LAISSEZ-FAIRE programming is where programmers can use whatever the current machine’s Fortran compiler accepts – the objective is simply to have a program that works. If a new computer is introduced, authors can decide whether to adapt, rewrite or scrap their applications. This style of programming lies outside the Starlink Standard and is deprecated for anything more than a casual one-off.

The Absolute Portability and Portable Fortran categories presuppose substantial quantities of infrastructure software, libraries and utilities which leave the programmer free to concentrate on the application itself rather than worrying about user interfaces, error handling, input/output and so on. At the lowest levels within the infrastructure there is a small platform-specific kernel, which has to be rewritten for each new machine. The Adaptable Fortran and Laissez-Faire categories allow programmers to provide their own infrastructure if they wish.
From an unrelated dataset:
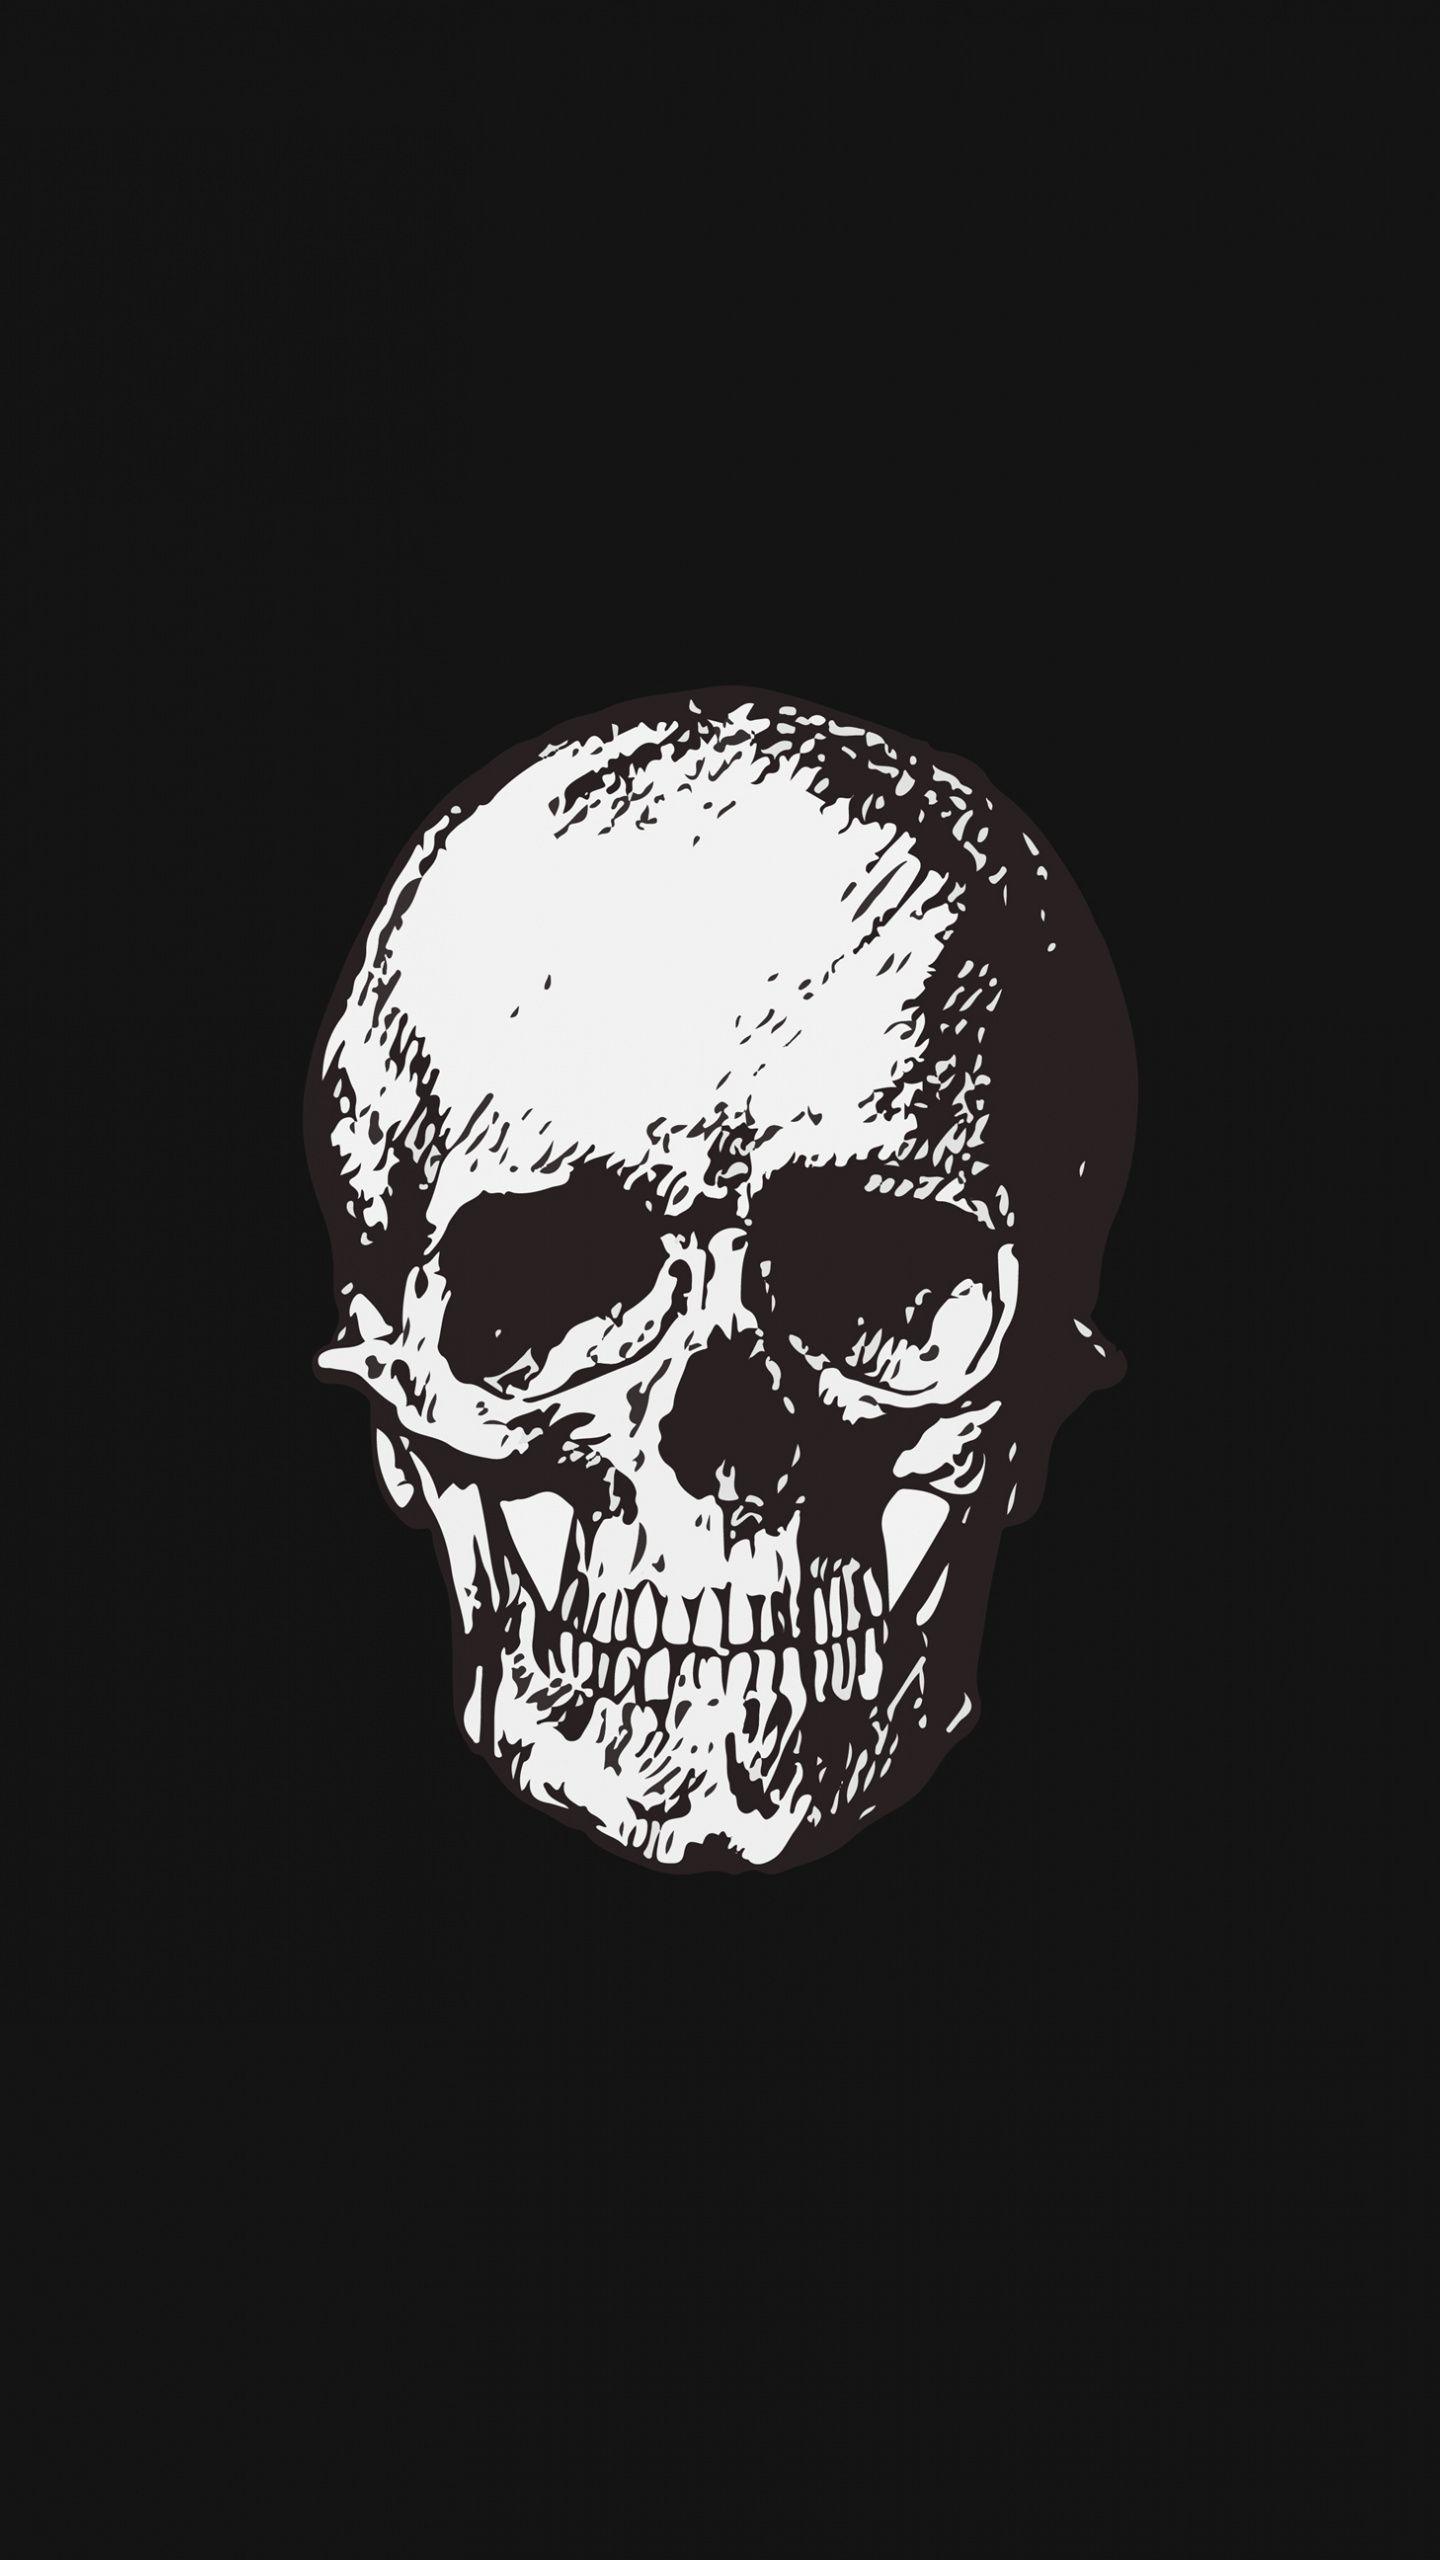 1440x2560 Skull Bw Minimal Art Wallpaper Art Wallpaper Art Black Wallpaper Iphone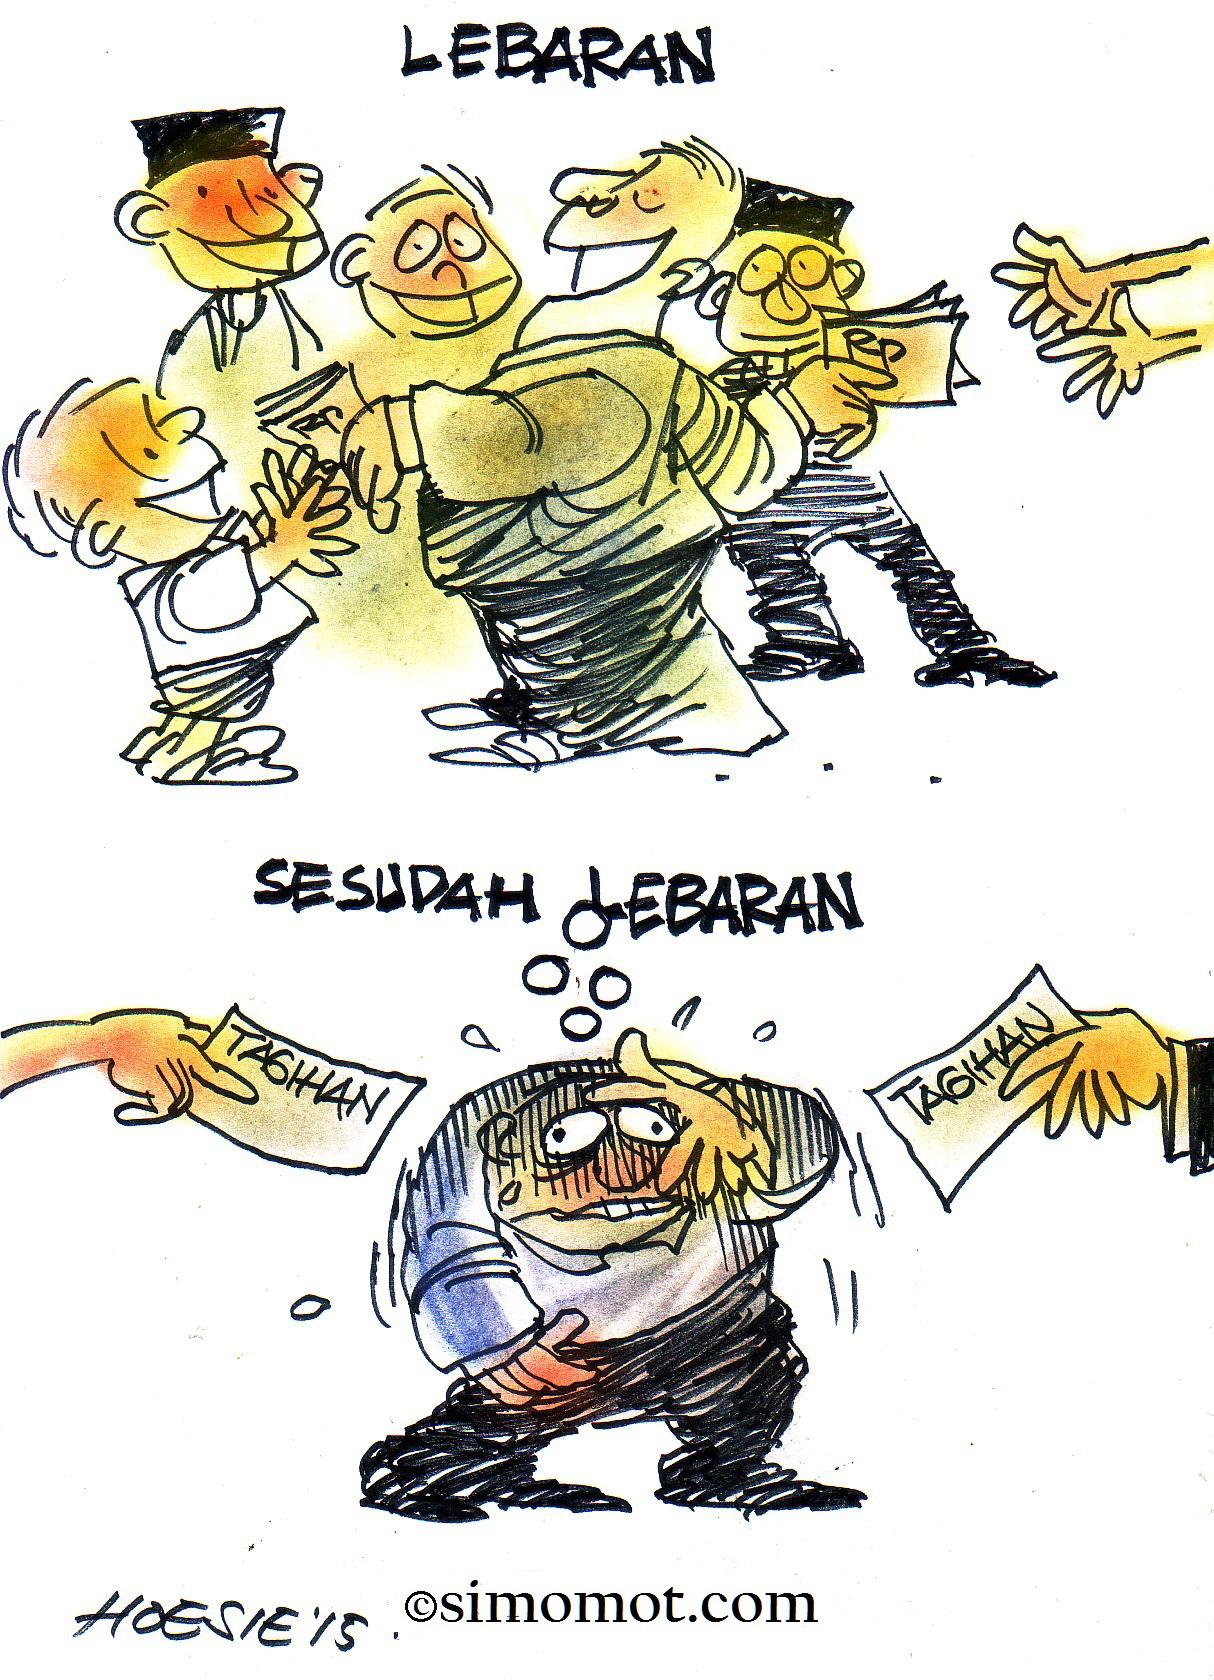 Lebaran Royal Pasca Lebaran Ngalir Tagihan Kartun Hari Ini

Starlink’s recommendation is to base programs on the various standard tools and libraries, and to aim for the PORTABLE FORTRAN level in applications code.

6.2 Why Portability Matters

Despite the fact that for its first decade Starlink supported just one platform – VAX/VMS – the importance of avoiding platform-specific software has been stressed from the beginning. There are two main reasons for this. Firstly, there were and are collaborating astronomical institutions using non-Starlink types of computer – Data General, Fujitsu, Perkin-Elmer, CDC, Cray and various Unix platforms – and it is useful if they can run Starlink applications, and programs written by Starlink users. The second reason is to enable existing software to run on different sorts of Starlink equipment – currently Sun and DECstation as well as VAX/VMS. Quite apart from further Unix-based platforms, it is also possible that fast specialized processors will be added to the existing Starlink systems, and there is interest in using various types of Personal Computer. Attention to software portability – which means resisting the temptation to use Sun and DECstation features now just as much as avoiding VAX dependency in the past – means great benefits in the long term.

6.3 Achieving Portability

Programmers who have followed the recommendations given earlier in Section 2 are likely to encounter fewer difficulties in adapting their code to run on new and multiple platforms than programmers who have not. Of those recommendations, the key one is to work only with ANSI Standard Fortran 77 and only to use a VAX extension or an extension available on some other platform when it is essential, or safe, to do so. This advice should be borne in mind when reading the following notes, many of which refer to problems that afflict code where non-standard Fortran extensions have been used. The notes concentrate on the specific problem of adapting VAX/VMS applications to run on Unix platforms but also serve to illustrate more general portability issues.